Commentary

Slouching Toward Validity

Here's some news: the Interactive Advertising Bureau announced last week that a group of eight major marketers, including Colgate-Palmolive, Ford Motor Company and Visa, will demand audited numbers from interactive publishers by mid-2007 and measurement-certified numbers by 2008. This is a victory for industry standards.

The victory seems to be the result of an odd alliance, however. Reading between the lines, you get the sense that the IAB was the principal driver urging these major marketers into making this demand. The quote featured in all the reports from Greg Stuart, the IAB's CEO, reads, "As more dollars migrate over to interactive, it is imperative as an industry that we continue to strive for the highest levels of transparency and validity. We are confident this is just the beginning and other leading marketers will join this group."

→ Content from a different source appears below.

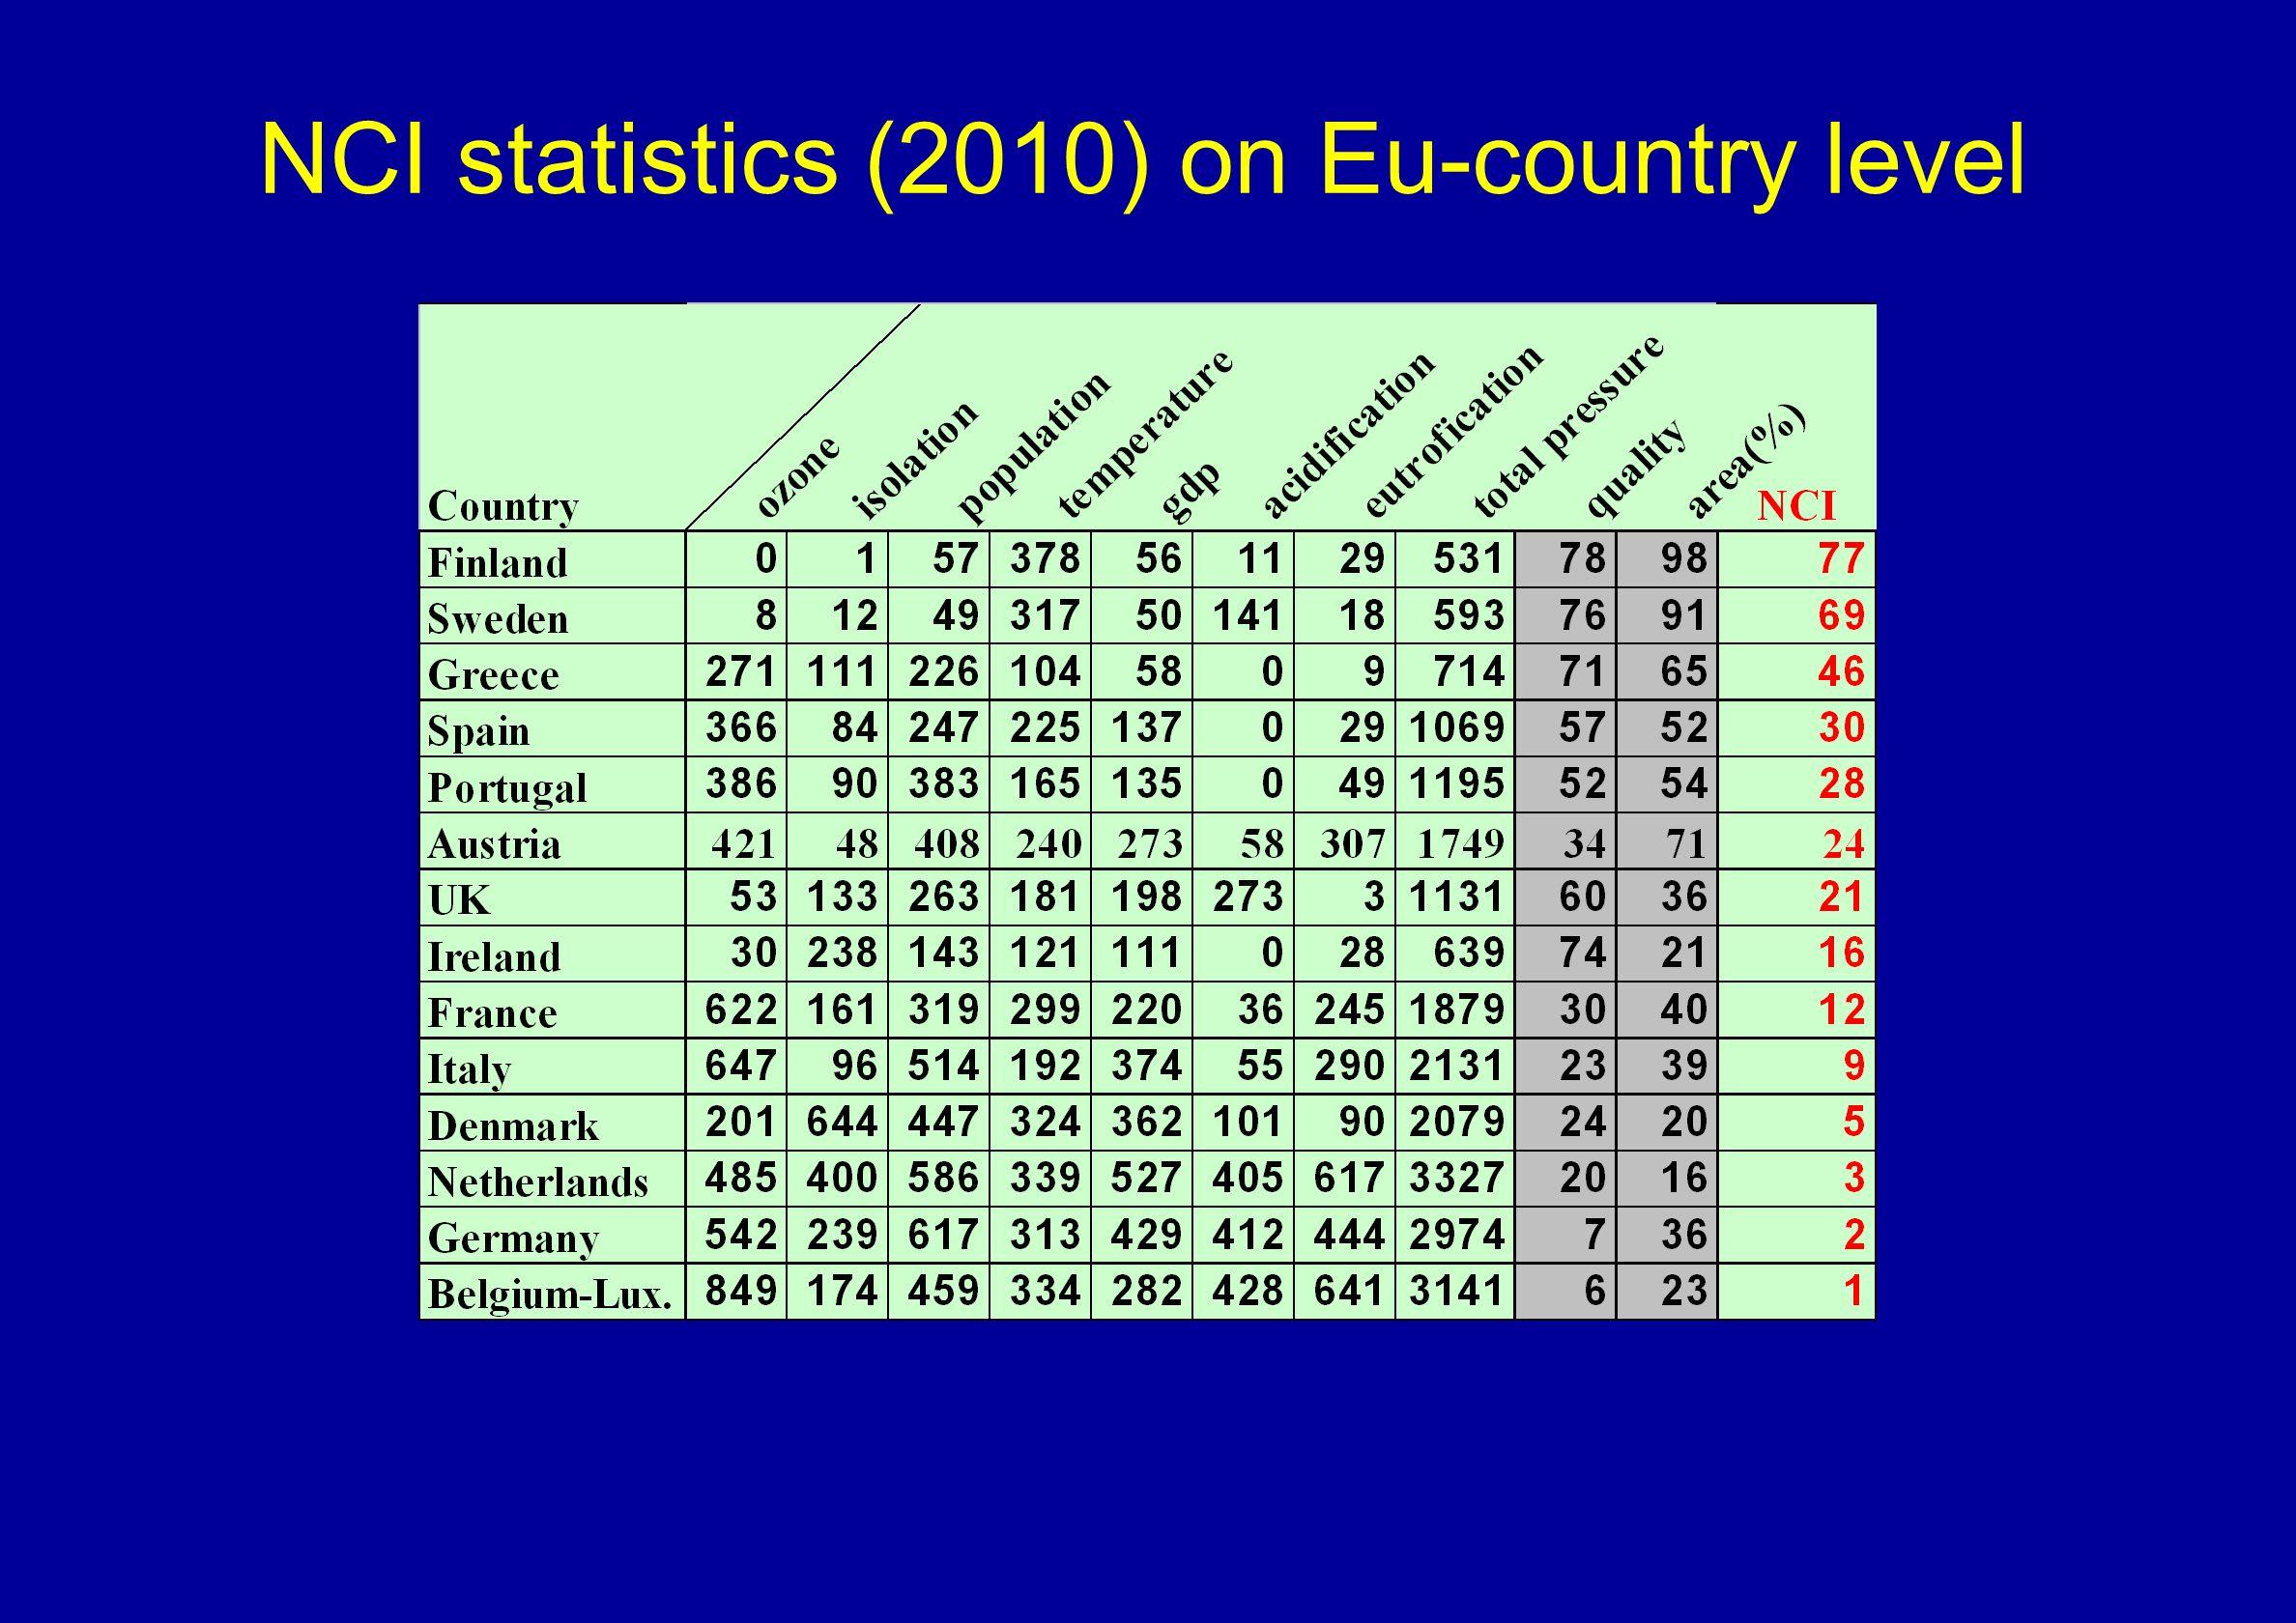 NCI statistics (2010) on Eu-country level

Stuart could be lamenting this development and his quote could be a warning to interactive publishers. If so, however, I think the quote might read "We are afraid this is just the beginning," or, groan, "Sorry to say, advertisers are serious this time." Instead, it appears Stuart is selling something and extending an invitation to advertisers to start insisting on standards. He is urging them on: who will join us? Who will help send the message to IAB membership and the broader interactive publishing community that transparency and validity are important, and we should be leading, not following, as industry participants dependent on ad revenue, today and tomorrow?

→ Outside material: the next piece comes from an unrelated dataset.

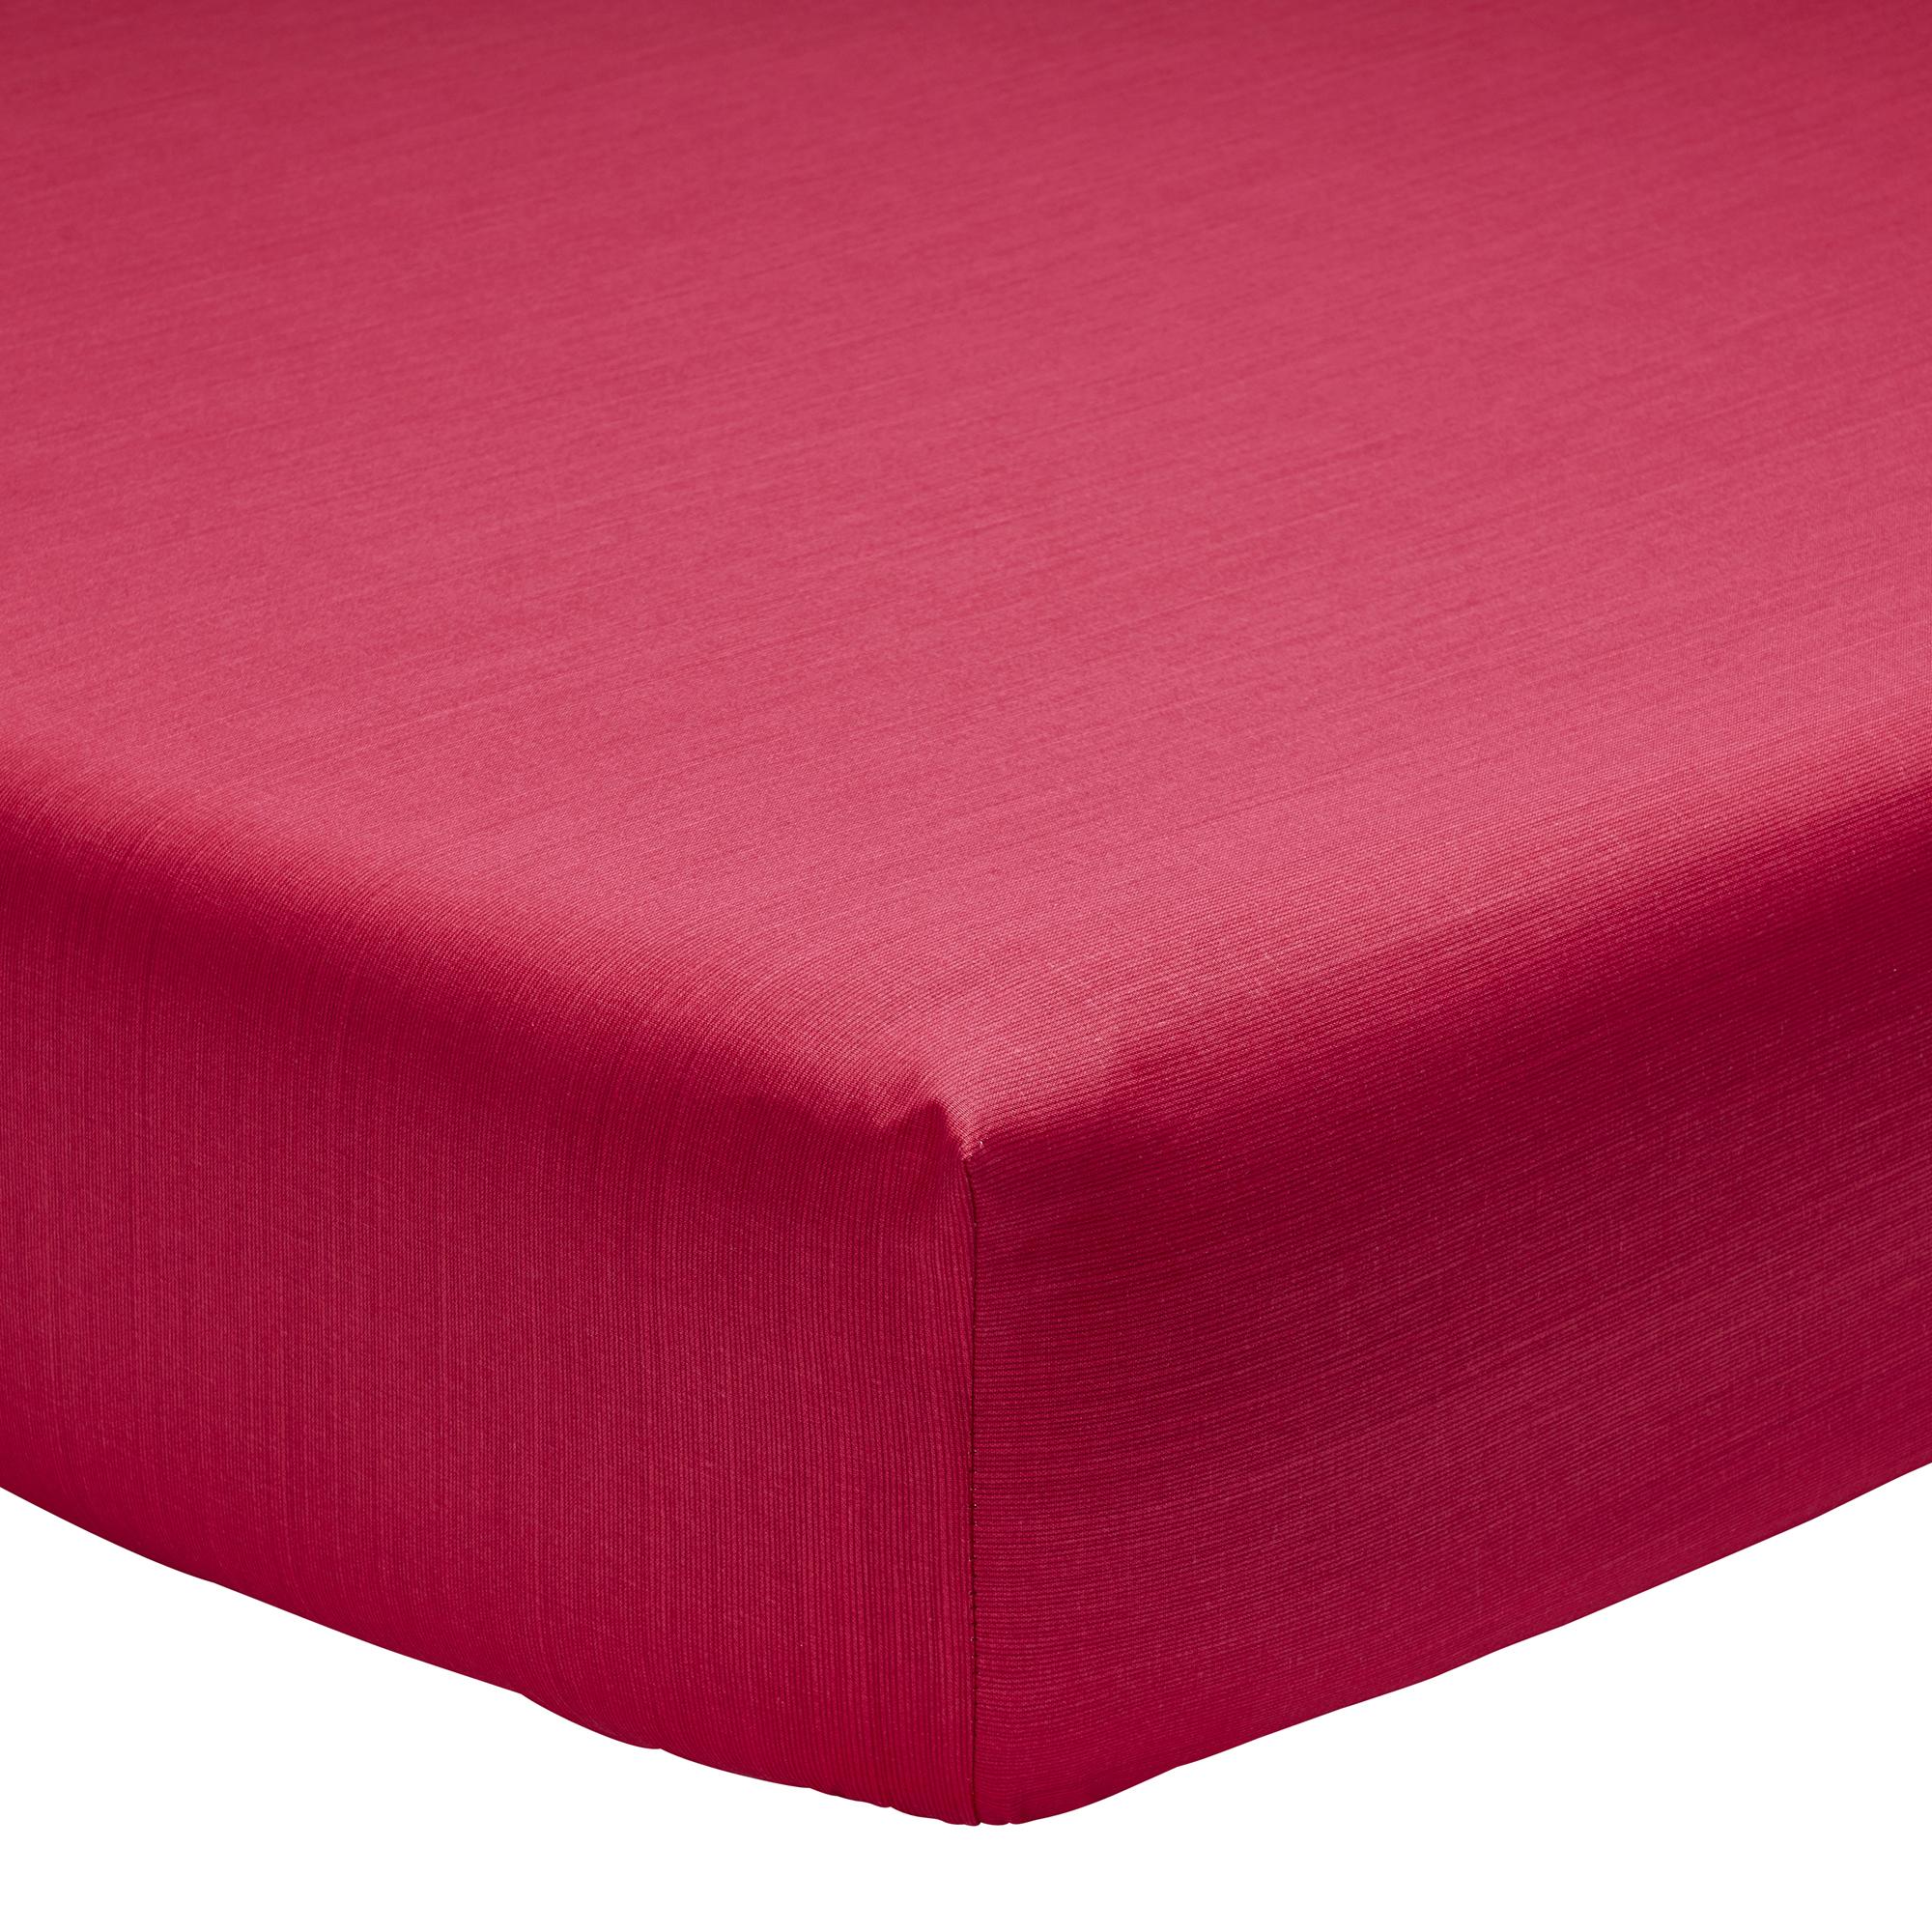 Drap housse fines rayures en bambou rouge 140 x 190

I say good for Greg Stuart and good for the IAB!

What a total pain, though, eh? Here's the CEO of the leading trade association representing interactive sellers, trying to leverage an agreement from a measly eight major marketers in order to compel his constituents to sign up for a transparent and valid business environment. Ugh. With some fanfare, the IAB issued ad measurement and certification and auditing guidelines back in 2004. Two years later, eight major marketers have announced the guidelines count, and you can practically feel people yawning: eight major marketers. Piffle. Wake me when it's 500.

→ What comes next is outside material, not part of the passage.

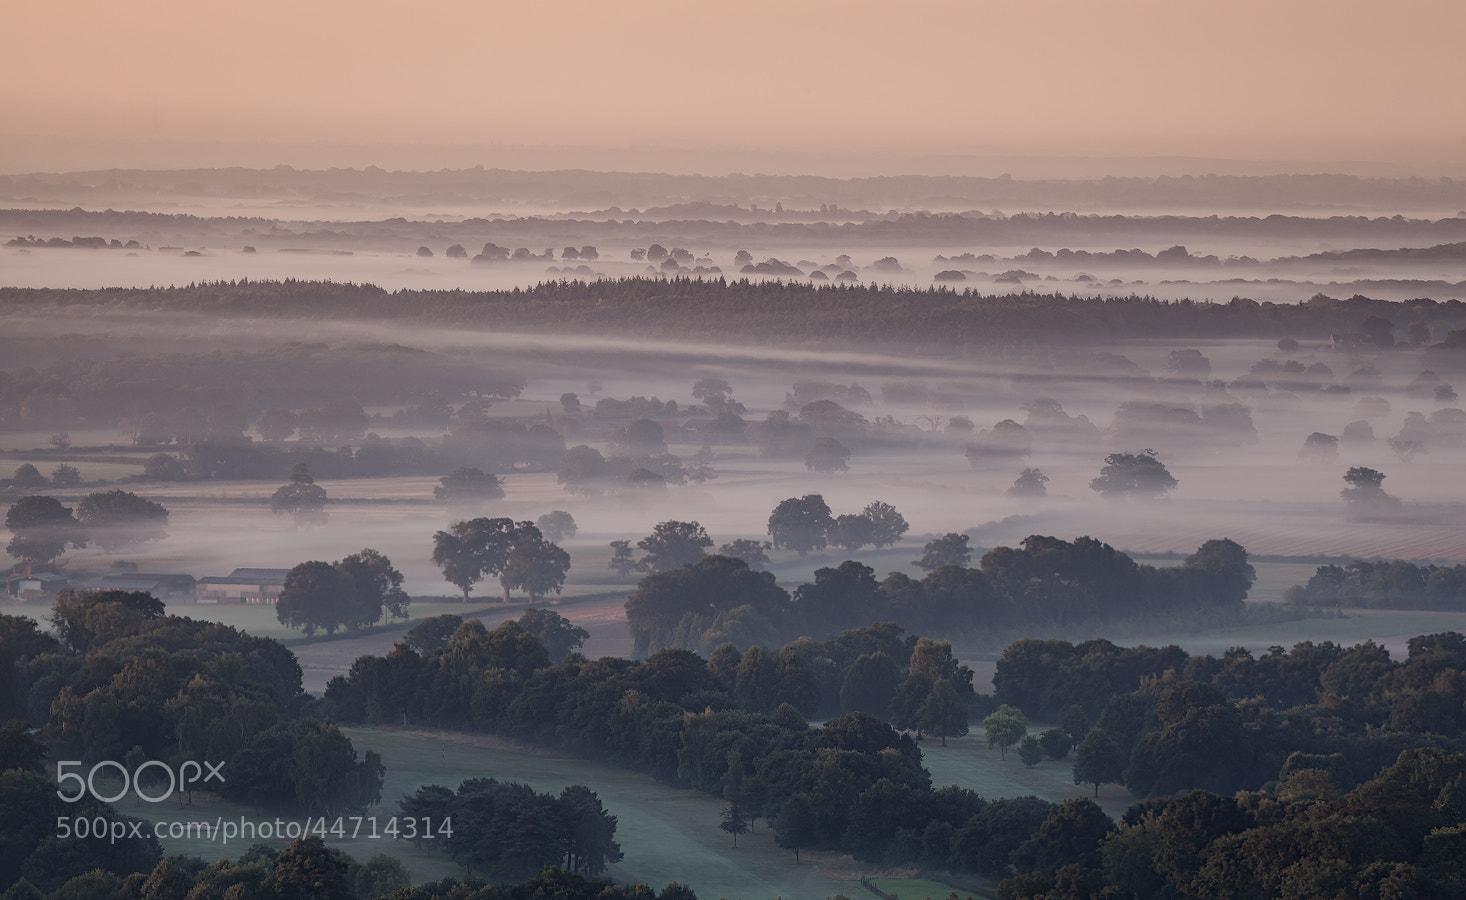 Photograph A Misty Start by Daniel Hannabuss on 500px

I wonder why the announcement wasn't that the entire IAB membership had, at last, implemented the ad measurement guidelines issued by the IAB in 2004. In which case, Greg Stuart, CEO, might have said, "It is imperative as an industry that we continue to strive for the highest levels of transparency and validity. The burden of leadership in this regard is on the publishing community, and I'm proud to say that the IAB's entire membership, representing 86 percent of all ad revenue online, has fully implemented the 2004 guidelines. We urge all interactive publishers to follow." (Full disclosure: that would include my company, Burst Media, not a member of the IAB but a provider audited and system-certified for six years by BPA Worldwide).

The opposite could be true, of course. The IAB could be assuring its members that their investment in auditing and measurement over the last two years will not be in vain. Marketers are finally choosing to discriminate. I think it would be clearer to all of us, however, if we knew the preponderance of publishers were compliant, on their own or through third-party ad servers. Instead, only a handful of "leading" publishers and ad servers are ever mentioned, implying that all are not aboard who may come aboard.

Admittedly, this is all somewhat idle blather with a goal maybe (presuming the most) to help the IAB bait buyers and sellers into caring about audit standards. Truthfully, as we know, the marketplace will determine on its own when transparency and validity really matter, and that will be when there are enough buyers spending enough money. That may be even more interesting by itself, because clearly we haven't reached that point yet on the display advertising side. Amazing: several billion dollars isn't enough to move hearts and minds. In contrast, click fraud has people practically knocking each other down in the aisles at paid search conferences. Several billion dollars in that business means a lot. Long-term, the contrast in current requirements points to a substantially bigger display advertising marketplace online.

We won't hear from Greg Stuart about this again in his capacity as CEO at the IAB, however. He resigned this week.